#### Work to complete:
Please copy, exactly as they appear below, the lines from the one containing "Shop Petit Bateau" through the one containing "Countdown Till Christmas".

####

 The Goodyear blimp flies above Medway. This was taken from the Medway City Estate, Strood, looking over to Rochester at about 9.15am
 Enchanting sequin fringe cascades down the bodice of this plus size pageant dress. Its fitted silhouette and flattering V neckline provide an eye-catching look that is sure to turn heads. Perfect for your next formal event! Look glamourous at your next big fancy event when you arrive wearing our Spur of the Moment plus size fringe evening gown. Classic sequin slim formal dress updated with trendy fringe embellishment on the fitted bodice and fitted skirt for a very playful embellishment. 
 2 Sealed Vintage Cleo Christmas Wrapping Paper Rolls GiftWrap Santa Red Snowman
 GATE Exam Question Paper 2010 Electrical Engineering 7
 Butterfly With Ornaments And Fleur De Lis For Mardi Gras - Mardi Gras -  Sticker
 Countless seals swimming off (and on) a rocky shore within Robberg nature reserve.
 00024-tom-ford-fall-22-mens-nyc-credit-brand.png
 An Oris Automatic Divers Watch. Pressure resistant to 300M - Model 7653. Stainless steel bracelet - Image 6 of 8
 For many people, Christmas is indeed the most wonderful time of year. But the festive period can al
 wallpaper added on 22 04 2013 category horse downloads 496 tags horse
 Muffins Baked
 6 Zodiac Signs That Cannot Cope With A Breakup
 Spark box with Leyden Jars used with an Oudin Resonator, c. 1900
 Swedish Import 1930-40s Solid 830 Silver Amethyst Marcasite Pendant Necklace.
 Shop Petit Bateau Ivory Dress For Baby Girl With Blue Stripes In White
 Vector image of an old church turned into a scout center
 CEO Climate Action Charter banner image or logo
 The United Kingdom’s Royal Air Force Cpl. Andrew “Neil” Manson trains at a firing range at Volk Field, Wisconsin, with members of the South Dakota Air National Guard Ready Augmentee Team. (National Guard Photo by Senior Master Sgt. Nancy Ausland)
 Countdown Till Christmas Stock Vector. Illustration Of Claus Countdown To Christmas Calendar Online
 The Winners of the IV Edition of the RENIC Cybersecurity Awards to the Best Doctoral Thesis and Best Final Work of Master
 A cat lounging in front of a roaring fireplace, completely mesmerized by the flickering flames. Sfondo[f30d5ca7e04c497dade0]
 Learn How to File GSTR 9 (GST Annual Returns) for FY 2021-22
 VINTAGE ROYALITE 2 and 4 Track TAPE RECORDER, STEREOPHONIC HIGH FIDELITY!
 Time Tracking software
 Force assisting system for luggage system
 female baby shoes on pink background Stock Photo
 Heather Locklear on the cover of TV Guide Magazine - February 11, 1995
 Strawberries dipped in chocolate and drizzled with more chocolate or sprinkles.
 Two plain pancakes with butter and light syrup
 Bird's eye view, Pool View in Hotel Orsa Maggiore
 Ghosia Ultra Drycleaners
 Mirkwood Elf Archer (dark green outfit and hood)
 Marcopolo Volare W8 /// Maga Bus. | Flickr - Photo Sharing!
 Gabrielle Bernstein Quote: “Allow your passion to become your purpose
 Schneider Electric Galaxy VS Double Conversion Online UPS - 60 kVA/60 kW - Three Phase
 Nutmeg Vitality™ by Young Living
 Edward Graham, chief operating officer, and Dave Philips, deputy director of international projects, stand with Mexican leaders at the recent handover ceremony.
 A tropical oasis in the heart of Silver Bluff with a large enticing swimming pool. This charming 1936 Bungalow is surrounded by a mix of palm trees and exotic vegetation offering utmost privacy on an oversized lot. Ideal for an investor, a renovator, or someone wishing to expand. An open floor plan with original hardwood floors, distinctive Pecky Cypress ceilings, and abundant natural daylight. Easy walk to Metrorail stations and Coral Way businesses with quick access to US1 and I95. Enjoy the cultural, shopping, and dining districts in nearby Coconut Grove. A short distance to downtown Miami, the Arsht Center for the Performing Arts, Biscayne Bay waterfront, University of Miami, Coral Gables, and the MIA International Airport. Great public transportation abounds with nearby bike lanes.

####

#### Expected answer:
 Shop Petit Bateau Ivory Dress For Baby Girl With Blue Stripes In White
 Vector image of an old church turned into a scout center
 CEO Climate Action Charter banner image or logo
 The United Kingdom’s Royal Air Force Cpl. Andrew “Neil” Manson trains at a firing range at Volk Field, Wisconsin, with members of the South Dakota Air National Guard Ready Augmentee Team. (National Guard Photo by Senior Master Sgt. Nancy Ausland)
 Countdown Till Christmas Stock Vector. Illustration Of Claus Countdown To Christmas Calendar Online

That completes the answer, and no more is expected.